After we present in Sect. 2 a concise State of the Art, we formulate in Sect. 3 the methodology of an ITS used for clustering and classification of traffic related data extracted by a Twitter extractor that incorporates the stemming, IDF and similarity index techniques to choose traffic-incident related keywords. The classification methodology is also presented for a 2-class and a 3-class classifier. For the 2-class classification we provide performance metrics incorporating a MLP-NN and a SVM. For the 3-class classification we do the same using a DCL network.

2 State of the Art

There has been a variety of initiatives (both academic and commercial) dealing with traffic alert systems. At the same time all these systems harvest input information from a variety of sources including sensory equipment, human reactions, police traffic reports etc. In relevance to textual incoming sources from social media, while there is a lot of literature regarding data analytics methodologies, there hardly exists research that deals with the stages of data discovery, collection, and preparation from textual data [4]. Recently, Twitter started to provide services where, users can post geo-tagged tweets via the GPS interface of their smart devices [5, 6]. The reported information when relevant can support any traffic monitoring and alerting system by just logging a repertoire of traffic incidents. Towards these lines, TWITRAFFIC, [7] created a smart app that monitors and reports traffic events in UK. MISNIS [8] is another platform that facilitates these issues and allows a non-technical user to easily mine any given topic from Twitter’s corpus in order to obtain relevant contents and indicators such as user influence or sentiment analysis but it is focused mainly in the Portuguese language. Lately, [9] developed a clustering tool called I-TWEC, which utilizes Twitter data lexical and semantic similarities. I-TWEC uses the Longest Common Subsequence technique as a similarity metric to produce clusters presented with different visualizations enabling users to merge them based on their semantic similarity. Because the traffic topics attract global attention, such data suffer from the Long Tail Effect [10], thus an effective textual analytics tool must be a traffic event data extraction model, however it must be able to distinguish learning of specific locations utilizing only tweets via geolocation attributes. Even though it is somewhat difficult for travelers to read and/or for drivers to participate in such activities, experience has shown that almost all drivers and passengers during traffic rush hours, announce this on social media. Thus the optimum solution is to analyze the information available on social network platforms, perform sentiment analysis and machine learning methodologies to classify and cluster traffic cases and to predict traffic situations.
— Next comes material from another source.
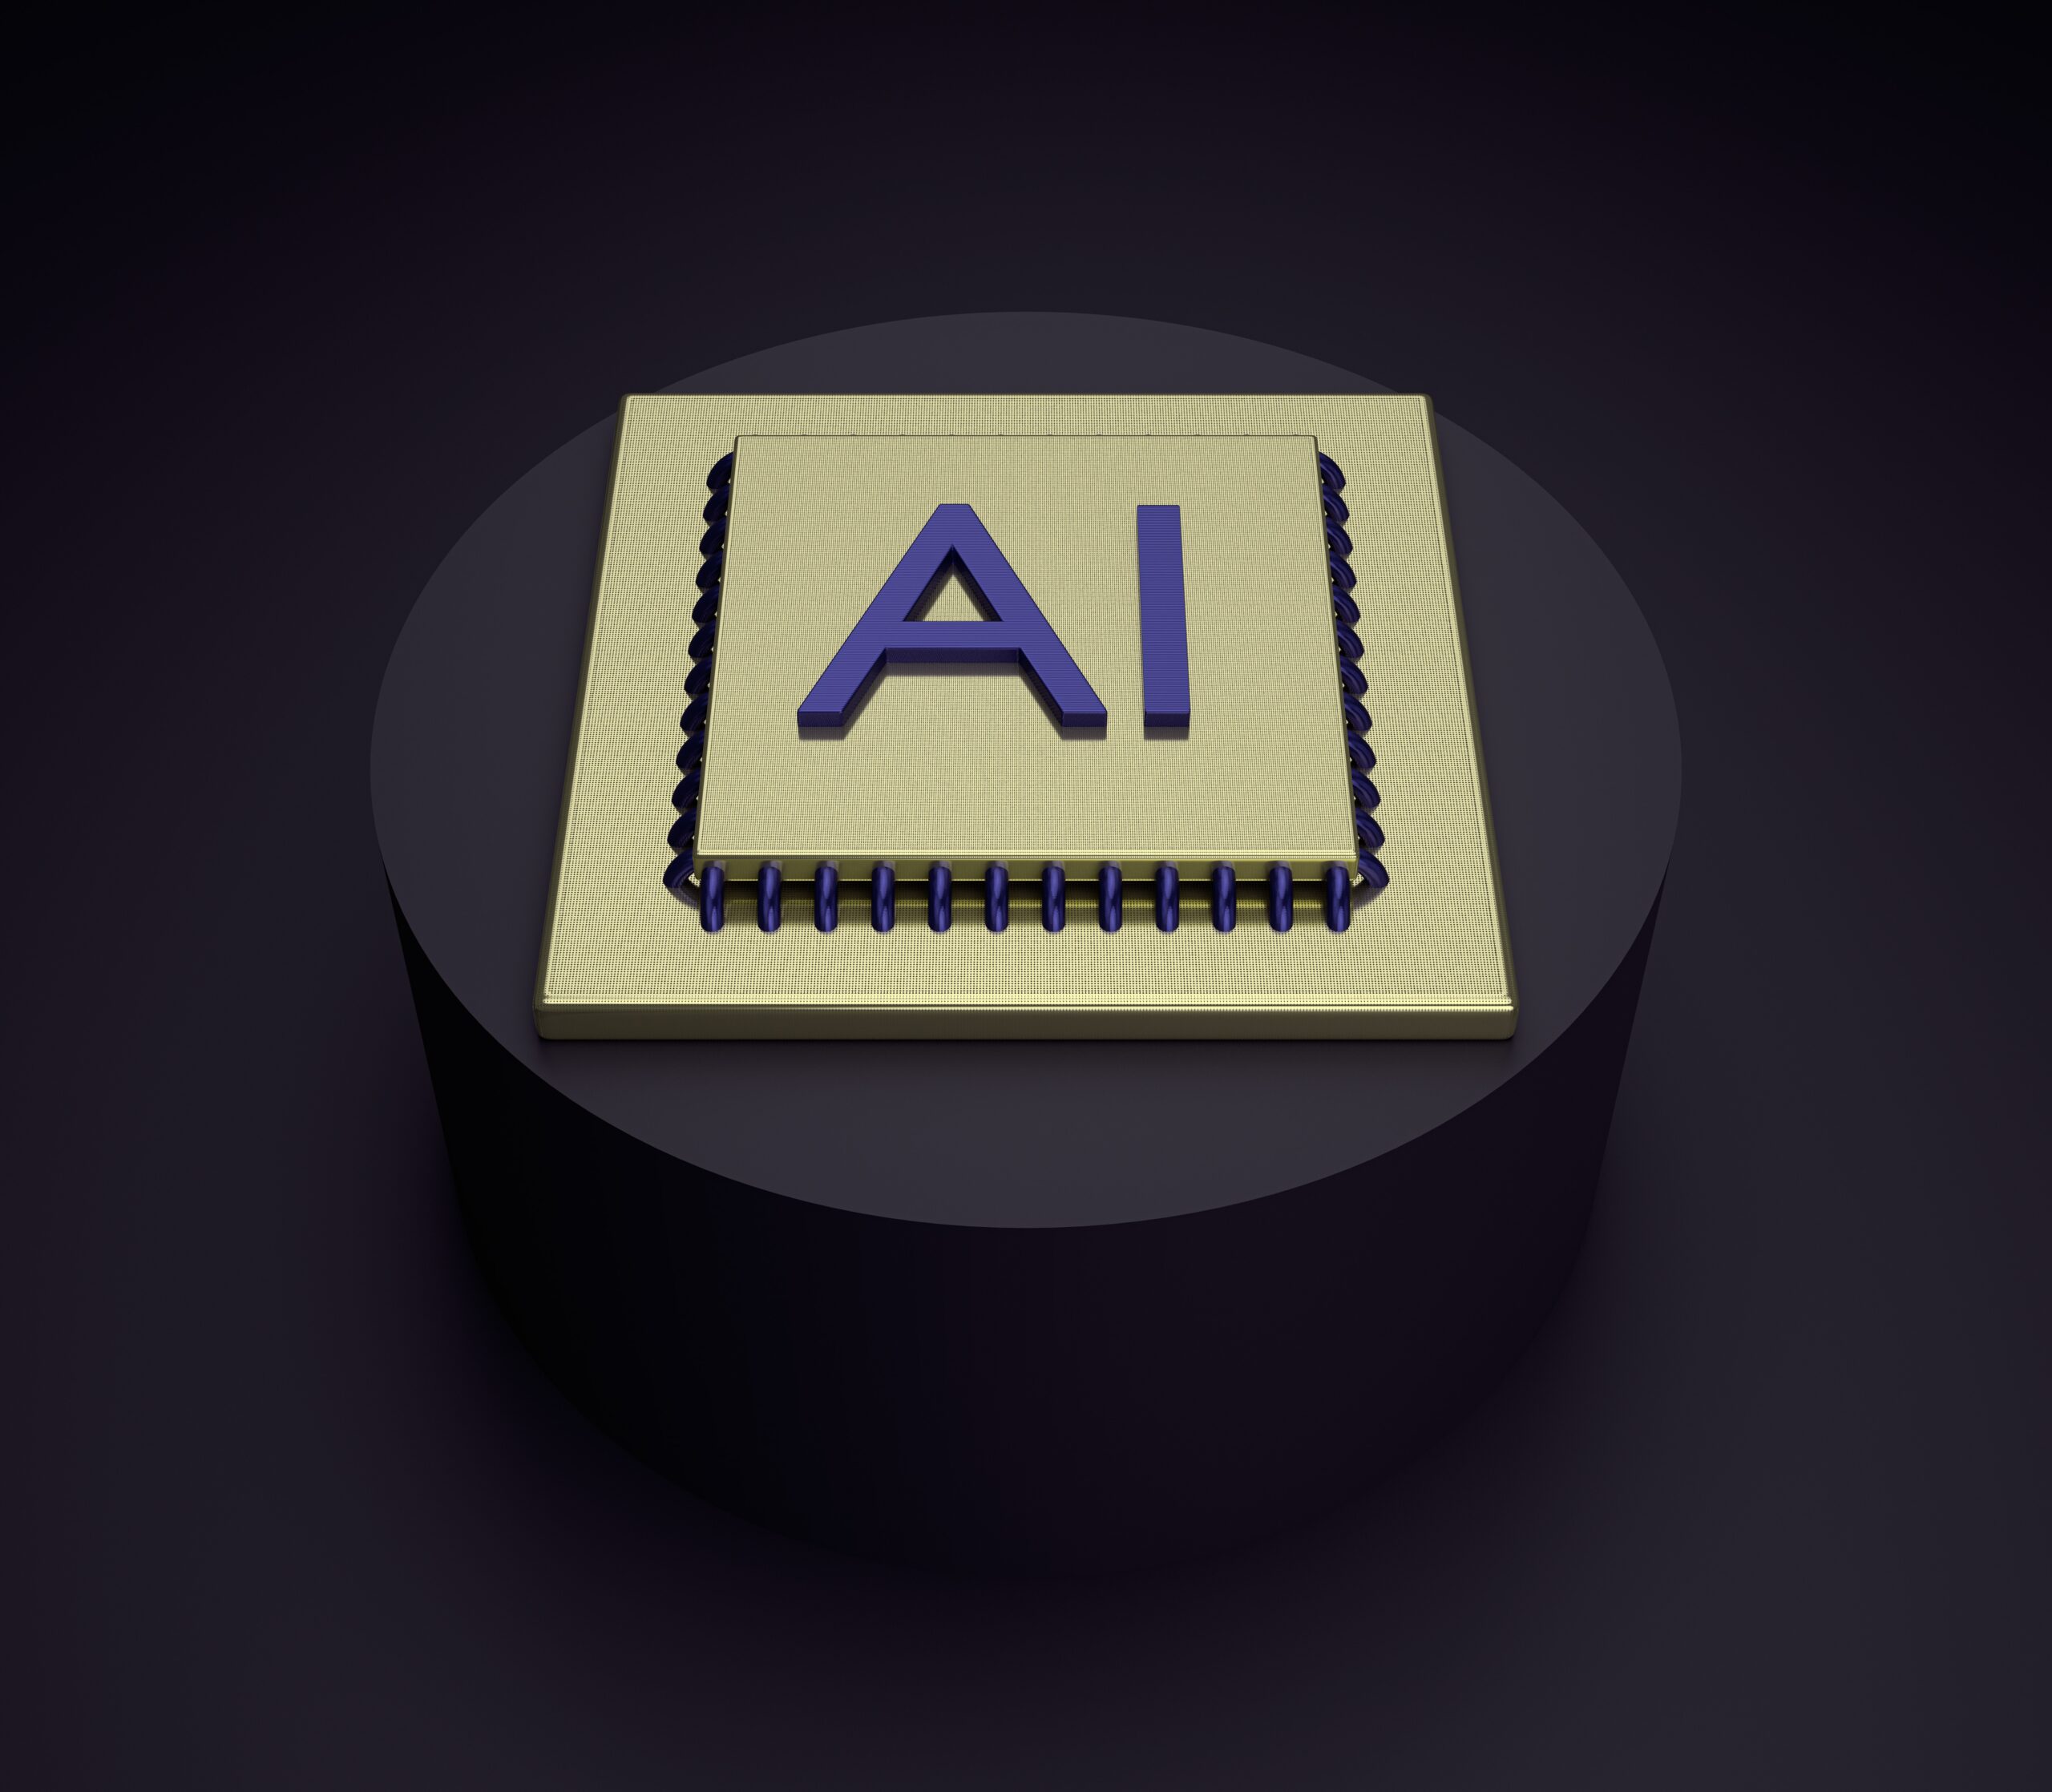 Image of a computer chip with "AI" printed on it

With the improvement of big data processing technologies, we now have the ability to perform traffic sensing and learn human mobility patterns from updated location information in network interaction log data (mostly GPS and textual). Recently, [11] extracted traffic patterns from big data using regression models. Also the research shown in [12] adopts Spark on Hadoop and MongoDB technologies to store, handle and process real time and historical traffic data from heterogeneous sources including social media. Similar work is also recognized in [13] where the distributed file system HDFS is used to store urban traffic data and the Spark is used to realize road traffic congestion state detection with lower cost, shorter period and more credible results.
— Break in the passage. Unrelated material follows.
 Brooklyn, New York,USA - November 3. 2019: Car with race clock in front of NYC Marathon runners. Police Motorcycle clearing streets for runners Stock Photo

The K-means methodologies are the most popular for data clustering. However, for the case of high-dimensional text data, K-means clustering becomes the only known solution. The cosine similarity property metric [14] is used to measure cohesion between produced clusters since it is a similarity measure between two non-zero vectors of an inner product. Finally regarding the ITS traffic, condition recognition is very important and K-means methods have been tried lately towards this issue [15, 16].

3 Methodology and Results

Gathering of tweets was achieved using the Twitter4J [17] open source Java library. The usage of the Twitter API allows us to mine tweets using criteria based on hashtags, limited time, longitude and latitude and any keyword. In this paper we focus on two main investigations: (a) Clustering of traffic data of numeric nature via the use of KMeans algorithm with the Euclidean distance as a cost function and (b) Classification considering two cases: (i) binary classification regarding tweets related to traffic either due to weather conditions or not and (ii) a ternary classification related to heavy traffic due to accidents, seasonality affected events (for example, Christmas Eve) and external unexpected events (basketball game, strikes, demonstrations etc.).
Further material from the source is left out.